Вы здесь

Barak holds up decision on upgrading West Bank college to university status

Israeli university heads petition High Court against recognition of Ariel University, claiming that the decision to make the institution a university is 'seriously flawed.'

Defense Minister Ehud Barak has yet to decide whether or not to recognize the Ariel University Center as a full-fledged university. Officials at the minister's office told Haaretz on Monday that Barak plans to hold consultations with the Council for Higher Education and the Ariel University Center before he announces his decision. The Council of Presidents of Israeli Universities, which represents all of Israel’s research universities, filed a petition Monday in the High Court of Justice against the recognition of the Ariel University Center as a full-fledged university.

The petition targets the Council for Higher Education in Judea and Samaria, the IDF Central Command commander, and the Israeli government, in particular the finance, education and defense ministers. The petition claims that the decision to make the Ariel institution a university, “is a seriously flawed decision, in its legality and reasonableness, and has substantive, significant flaws in terms of administrative law, including being tainted by conflict of interest, irrelevant considerations, being based on partial and erroneous data and other faults that go to the root of the matter, which requires its cancellation.”

The petition continues: “In the three major considerations that apply to recognizing a university, that is, the academic consideration, the planning consideration and the budgetary consideration, there were several serious flaws that go to the root of the matter, and each of them alone requires that this decision be revoked.”

The university heads argue that for several years, “a process was designed, with none of those considerations in mind, to recognize the Ariel University Center as a university, no matter what.”

The petition also argued that the Judea and Samaria education council, which has authority over a specific geographic area, doesn’t have the tools to weigh all the considerations that are relevant to the research and higher education system in the State of Israel.

“This decision significantly impacts on Israel’s entire higher education system, yet from that perspective it was made by the Council for Higher Education in Judea and Samaria in contravention of the position of the Planning and Budgeting Committee, and thus constitutes an exceeding of its authority.”

According to the petition, “the decision was a conflict of interest, since the Council for Higher Education in Judea and Samaria, headed by Prof. Amos Altshuler, approved a report by a ‘professional’ committee headed by the same Prof. Altshuler. This same Altshuler Committee set extremely unreasonable criteria for recognizing a university and did not compare data about the Ariel University Center to the data from any university, here or abroad, but only in reference to itself. This committee never collected data about the Ariel University Center but merely accepted the center’s own self-supplied data without ever verifying it.”

The decision to recognize the Ariel center, therefore, was made “by substantially deviating from any reasonable standard for evaluating academic systems, such that the examinations made were superficial and don’t even meet the accepted standard for quality control that the Council for Higher Education demands when it evaluates small academic units with a limited number of researchers. The recognition of the Ariel University Center as a ‘university’ was an arrow around which the target was painted, and even the ‘evaluations’ (which weren’t real evaluations) and reports (which weren’t real reports) were merely to fulfill one’s obligation.”

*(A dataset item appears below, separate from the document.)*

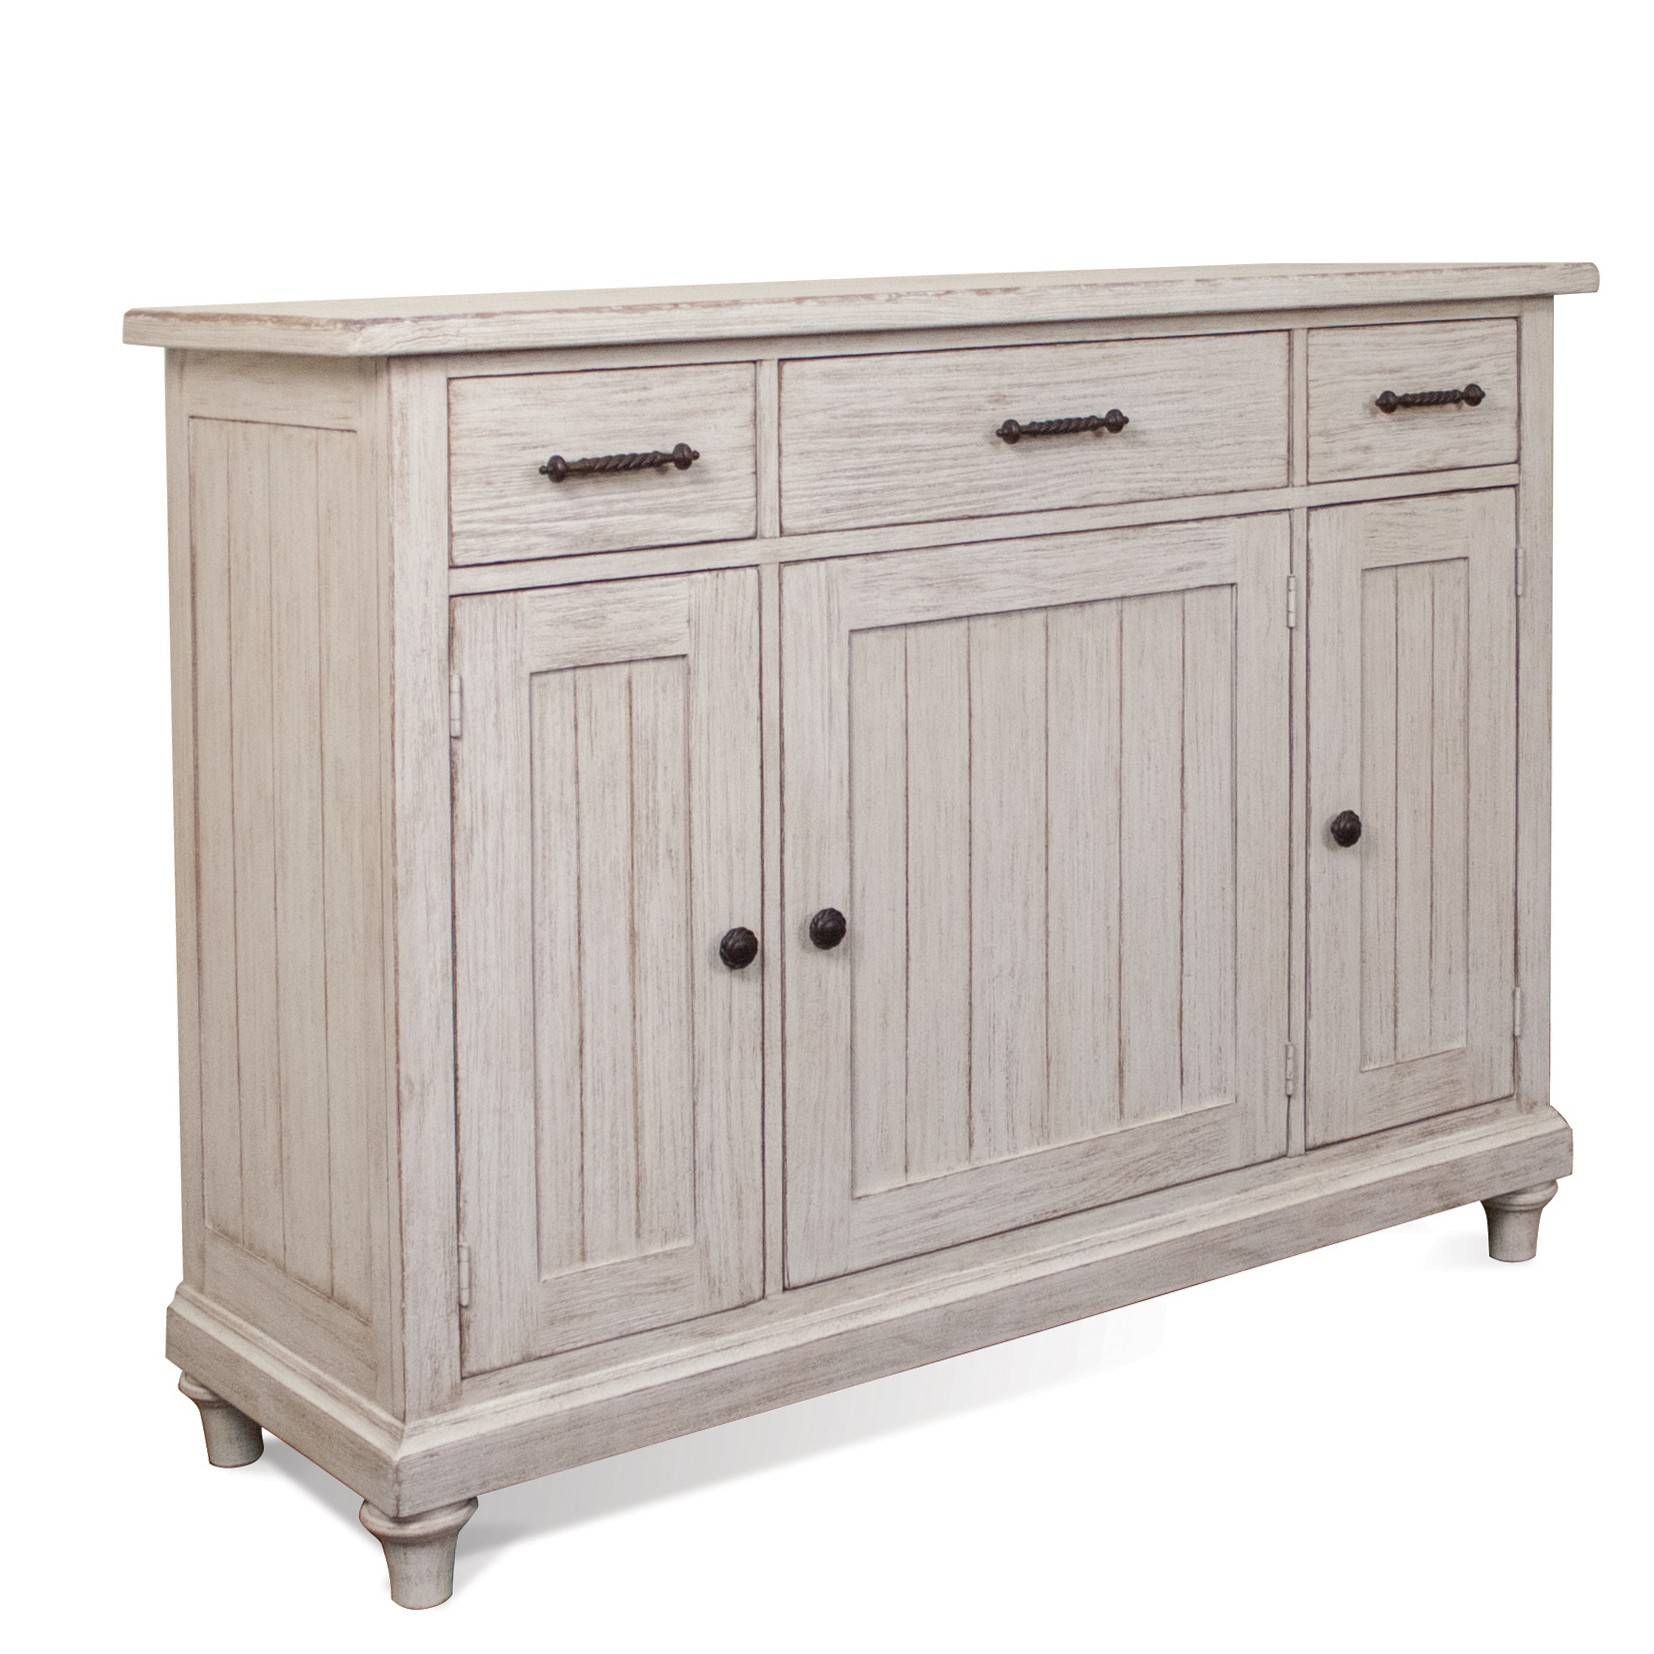 Aberdeen Wood Sideboard Server In Weathered Worn White Intended For White And Wood Sideboard (View 5 of 20)

With regard to the decision by Finance Minister Yuval Steinitz to earmark tens of millions of shekels to the soon-to-be university, the petition states that at issue is “a deviation from authority (via a Planning and Budgeting Committee ‘bypass budget’).

“The finance minister’s commitment is illegal since the primary job of a finance minister is not to earmark budgets for specific projects, but to maintain the budget framework,” the petition said. “A ‘Planning and Budgeting Committee bypass budget’ constitutes the undermining of the basic principles of the higher education system’s independence and its disengagement from politics, making it illegal.”

MK Tzipi Hotovely (Likud), chair of the Knesset caucus to recognize Ariel as a university, said in response: “The petition by the universities removes the academic veil from the political arguments of the university heads. I believe that the High Court of Justice won’t lend a hand to undermining academic freedom and to an effort to use the courts to circumvent a decision made properly by the professional and political echelons.”

The decision to recognize the Ariel University Center as a university was made last month by the Council for Higher Education in Judea and Samaria by a vote of 11-2, with the support of Education Minister Gideon Sa’ar and Steinitz, who promised to allocate NIS 50 million to it in the coming years.

Before the decision was made, the presidents of Israel’s seven research universities sent a letter to Prime Minister Benjamin Netanyahu with the headline: “It’s forbidden to sacrifice the future of higher education in Israel,” which described the expected decision as “a political decision with a heavy price,” and asked Netanyahu to “stop the train speeding toward a disaster known in advance, that will severely harm and crush higher education in Israel.”

Prof. Manuel Trajtenberg, who chairs the Council of Higher Education’s Planning and Budgeting Committee, also intervened before the decision was made, saying the evaluation committee that had been appointed to examine the issue was illegitimate.

Local council heads in the Galilee and the Golan Heights also expressed anger at Sa’ar for advancing the interests of a university in Ariel rather than in the Galilee, despite a May 2005 government decision to set up two such institutions.